2010 VERMONT ELECTION DETERMINES PATH FOR NEXT 10 YEARS
In Vermont, only about once every 10 years do we have a chance to select a new governor. I will save my comments on James H. Douglas for another time. For now, I will stick with thanking you for bearing the grievous burden of documenting the demise of the Vermont Milk Company. The silver lining is it gives us a failure to make our successes all the more important and gratifying when they come.
PROMOTING CREATIVITY IN VERMONT
I am not talking about the arts. I am talking about a creative democracy, one that works better than what was possible when our founding fathers worked out the basic principles, before the days of modern instant communications.
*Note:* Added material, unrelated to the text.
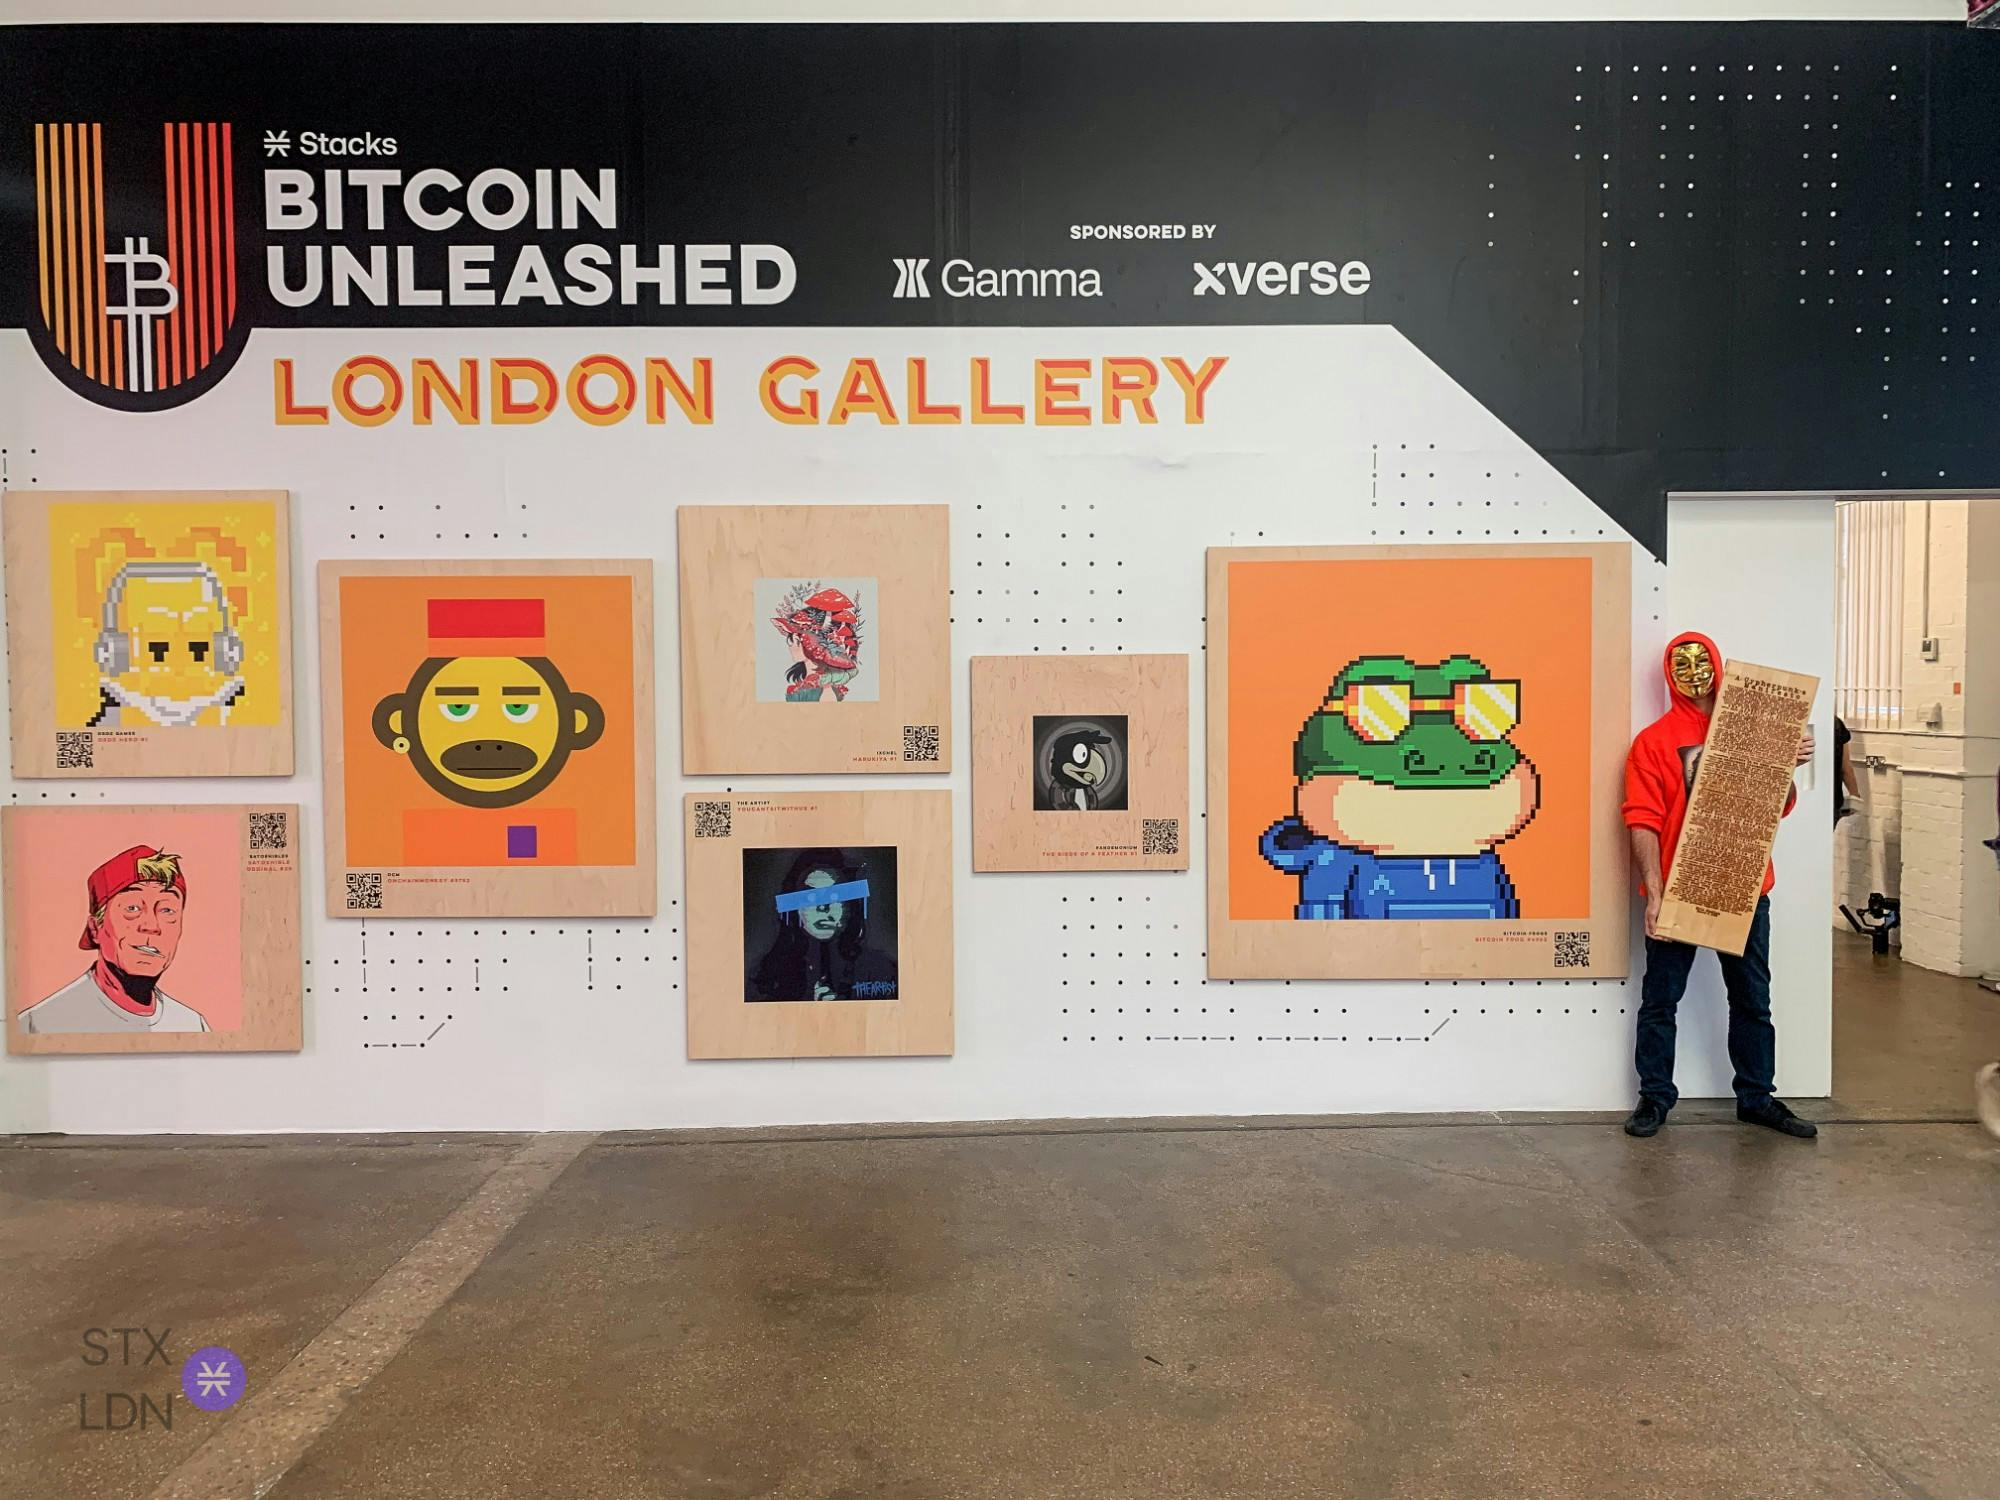 Bitcoin Unleashed London: Community Review
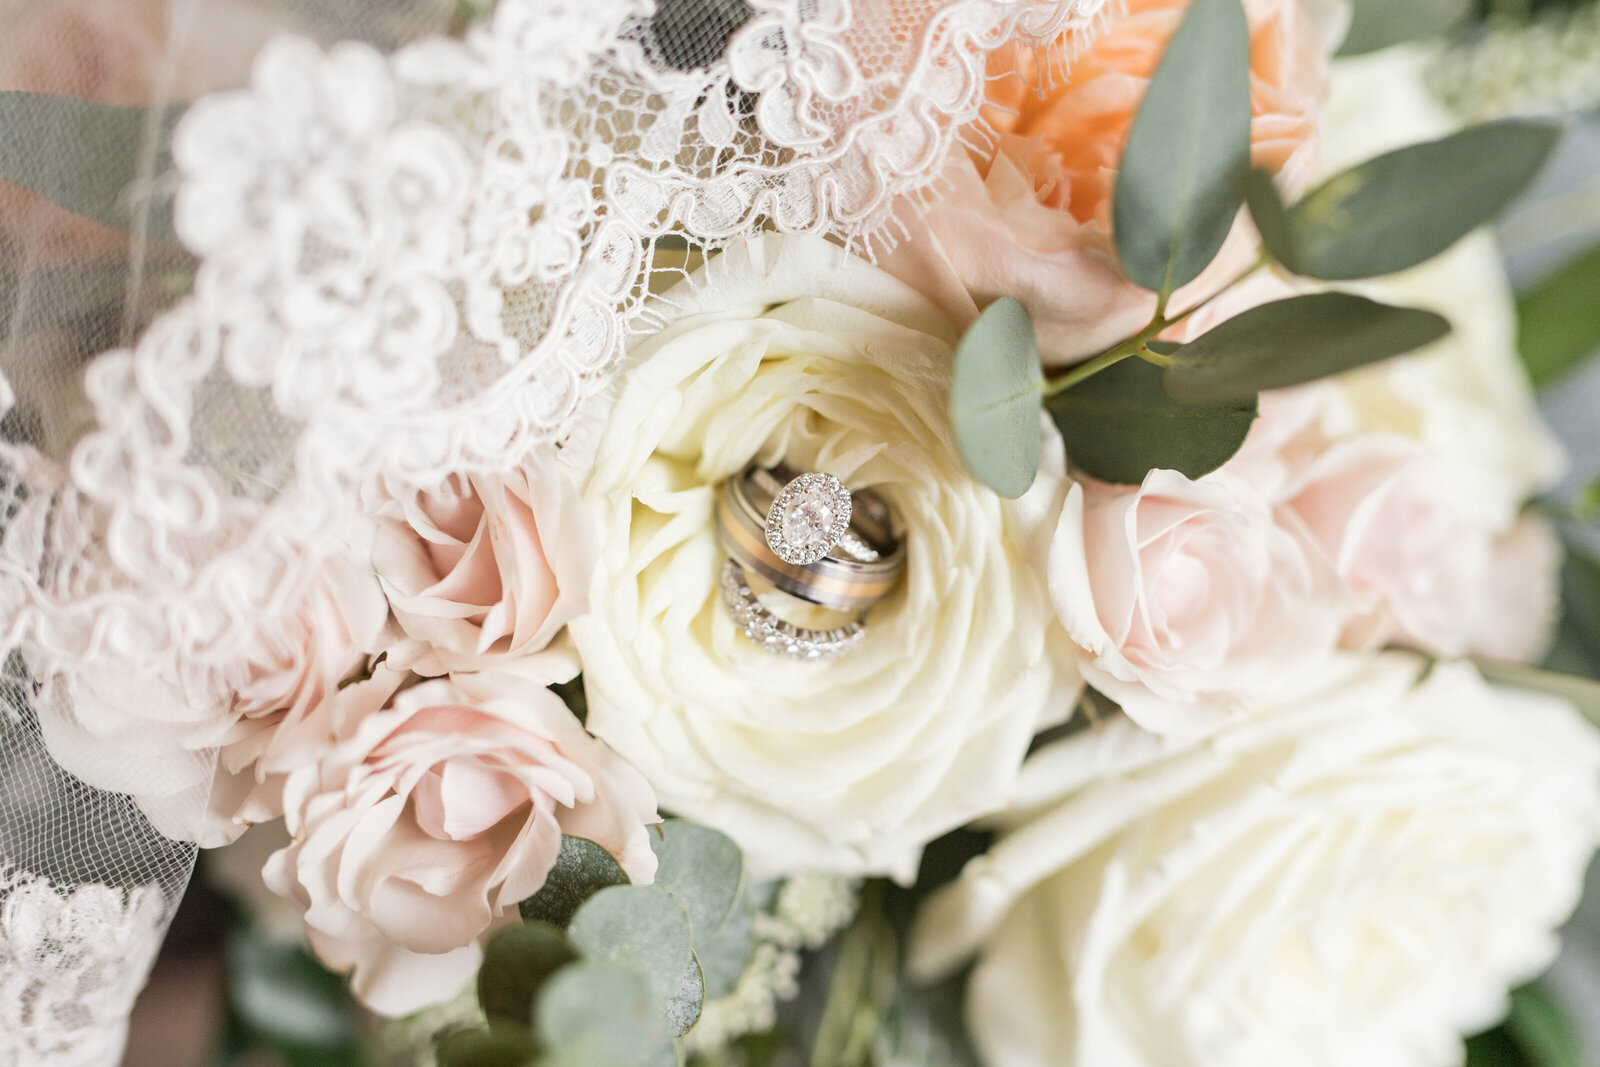 engagement ring sitting in bridal bouquet photographed by Kaitlin Mendoza Photography, an Indianapolis wedding photographer

Of course our democratic processes should be redesigned to take advantage of these decision-improving devices.
For what it is worth, I predict big success for the creative kind of Vermont you and I happen to want, come November 2010. My confidence comes from knowing writing like yours is what the silent majority of Vermonters is looking for. I think we can spread the word even better, and let people know this information spells “get a new governor.”
If that makes you uncomfortable, recheck the end of your diary starter: “challenging our own easy assumptions and ofttimes-seductively-simple solutions as well.” If we are comfortable for long, we know we are doing the wrong thing. π
Looking forward, to an extent, to your creative criticism. π
Best regards,
Dan
interesting article
http://www.grist.org/article/s…
Vt Milk Co makes a really good contribution here. And they make good yogurt and ice cream, too.